On August 5, 1958, the MSTS Atlantic Area issued a regulation-type staff notice announcing a duty scheduling program by virtue of which relief officers would henceforth be eligible to earn annual and sick leave for those working periods that had been scheduled in advance. Under the new program, deemed by defendant to satisfy the "established tour of duty" standard of Sec. 202(b)(1)(B) of the 1951 Act, all employment and actual work assignment procedures previously used have remained the same. The only change initiated in 1958 and continued thereafter is the addition of a form notice issued individual relief officers approximately 1 month in advance. The notice simply advises the officer that, subject to change for unforeseen ship movements and any other events beyond the control of management, he will be expected to serve certain specified watches on stated dates. The notice does not refer to or identify any ships. Actual duty assignments to particular ships are still made via telephone by the dispatcher 3 or 4 days in advance. Data appearing on the same type of vessel sheet always used by the dispatcher is the basis for the tentative work periods scheduled in advance. The predictability of vessel arrivals and departures has been no greater since 1958 than it was before. The percentage of completion of telephone assignments to specific duty has been essentially the same since initiation of the prescheduling program as it was before. The probabilities of available relief officer work in the future were greater in the Atlantic Area before 1958 than they have been since, because of a greater volume of MSTS ship traffic in the earlier period.

Under the prescheduling system in use since August 1958, relief officers are only credited with leave for those hours worked within the periods specified in the preschedule notices, except to the extent that such periods are varied by management. Earned leave may only be taken during the periods for which a relief officer has been prescheduled.

For the reasons that follow, the pre-1958 factual situation as outlined above does not qualify the plaintiffs for leave benefits under the 1951 Act.

Even if the aims and subject matter of the Annual and Sick Leave Act of 1951 are deemed sufficient to make a liberal construction of its terms appropriate, an examination of the legislation's background and development convincingly demonstrates that before 1958 plaintiffs were plainly not within its intended coverage and suggests that the fullest measure of interpretative liberality must be applied to accord them coverage thereafter.

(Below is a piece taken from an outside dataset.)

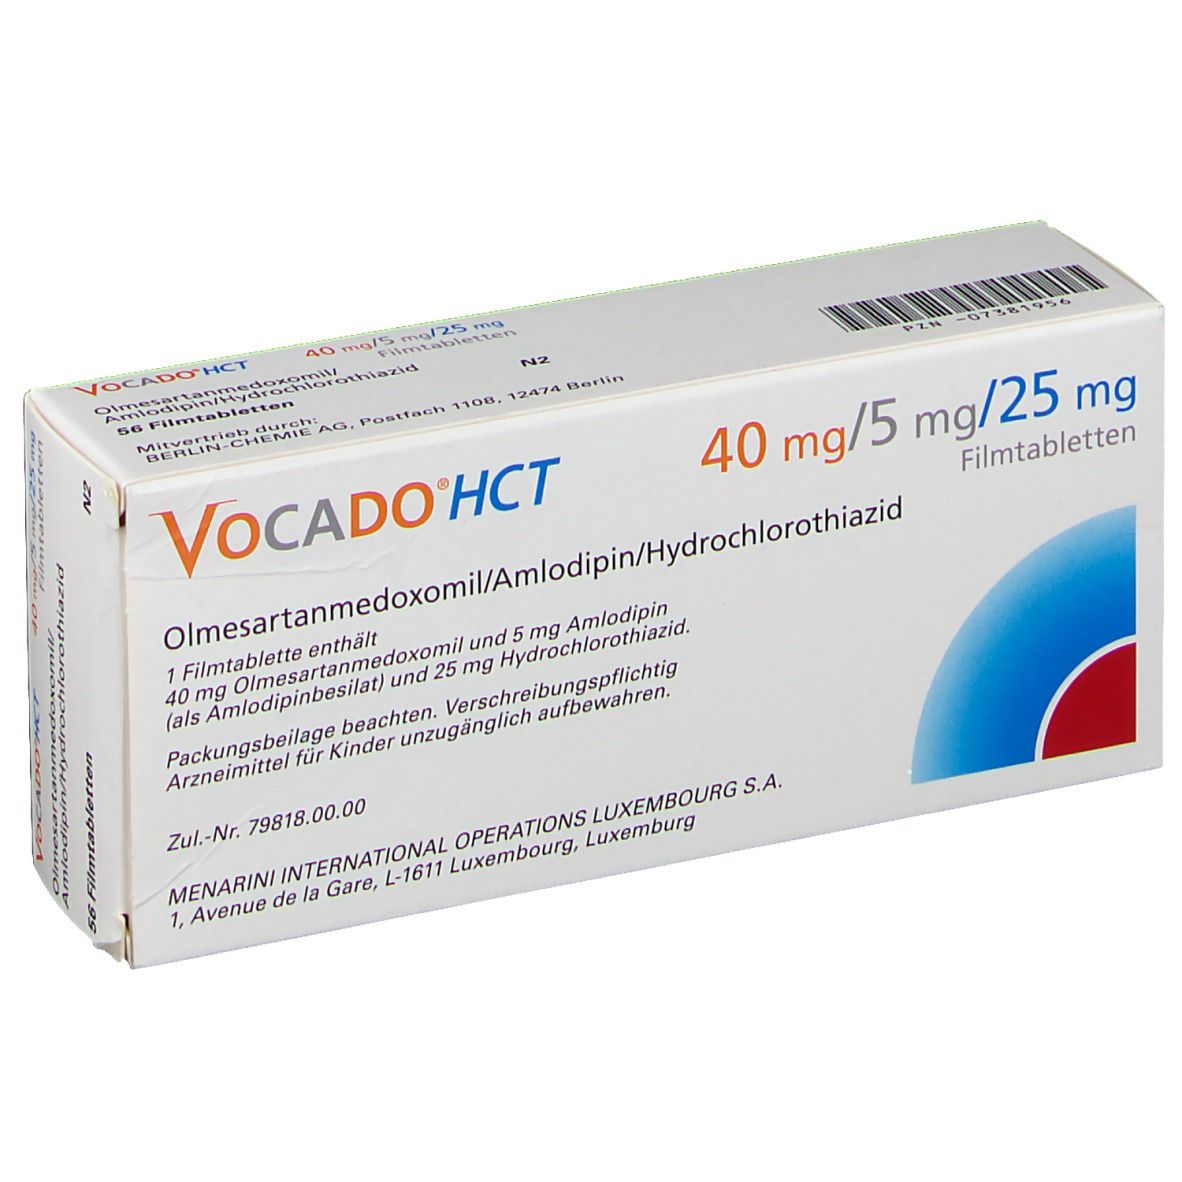 Vocado®HCT 40 mg/5 mg/25 mg

As, for example, in the case of Workmen's Compensation, Friend v. Britton, 95 U.S.App.D.C. 139, 220 F.2d 820-821 (1955), cert. denied, Harry Alexander Inc. v. Friend, 350 U.S. 836, 76 S.Ct. 72, 100 L.Ed. 745 and Social Security, Ewing v. Black, 172 F.2d 331, 335, 6 A.L.R.2d 948 (6th Cir. 1949).

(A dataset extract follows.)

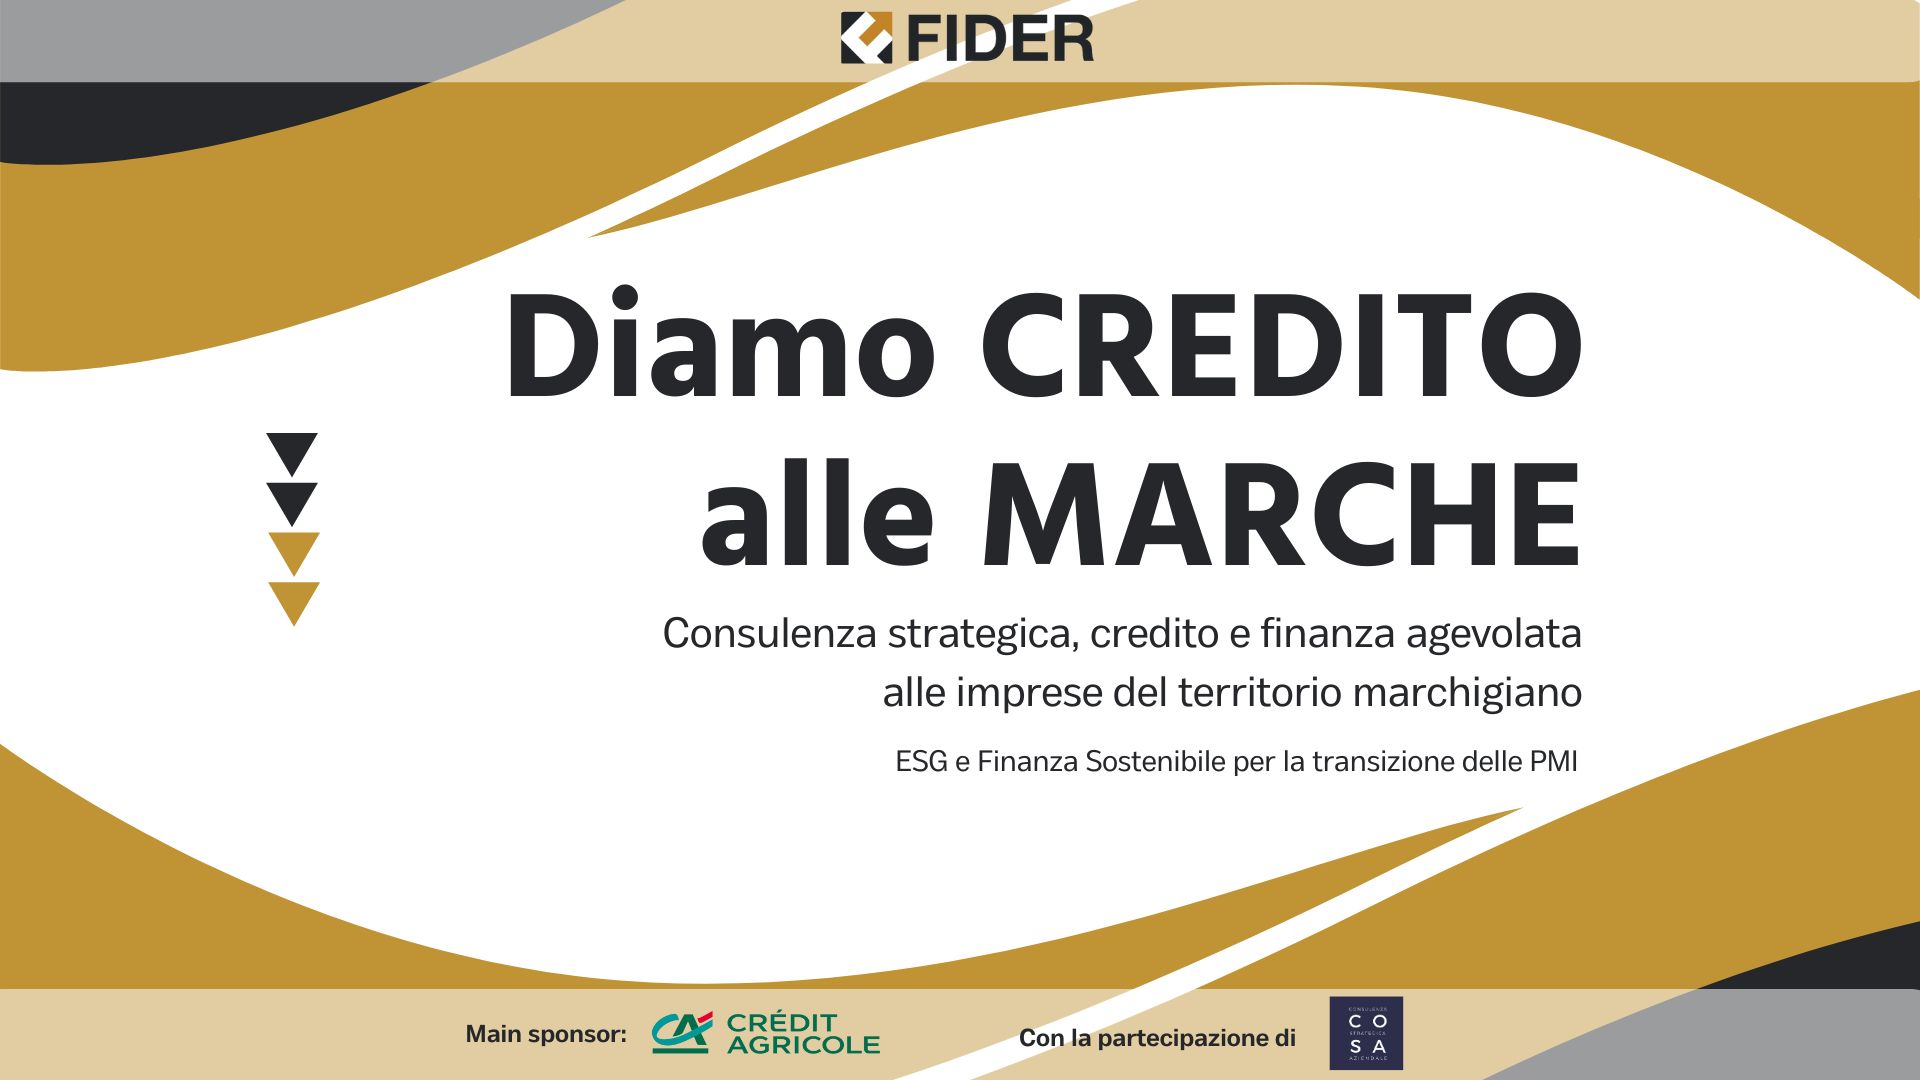 Convegno Fider: "Diamo Credito alle Marche" - La rassegna stampa

By an Act of March 15, 1898, in conjunction with the establishment of a 7-hour day, 6-day week for all employees of the Executive Departments, Congress authorized department heads to grant up to 30 days' leave with pay, per year, to their employees, provided that such period might be enlarged up to an additional 30 days in the event of serious illness. Ch. 68, 30 Stat. 277, 316-317.

The matter of leave remained governed by the above provisions until modified in the Economy Act of June 30, 1932, ch. 314, 47 Stat. 382, 407. Section 215 of that Act reduced allowable annual leave to a maximum of 15 days per year and vested the President with authority to prescribe sick leave privileges by regulation.

By an Act of March 14, 1936, ch. 140, 49 Stat. 1161, Congress provided 26 days of annual leave for essentially all government employees, except those in the postal service, irrespective of their years of service. Existing sick leave provisions were left intact.

In 1942, as a national emergency measure, the ceiling of accumulation of unused annual leave was increased from 60 to 90 days. Ch. 737, 56 Stat. 1052.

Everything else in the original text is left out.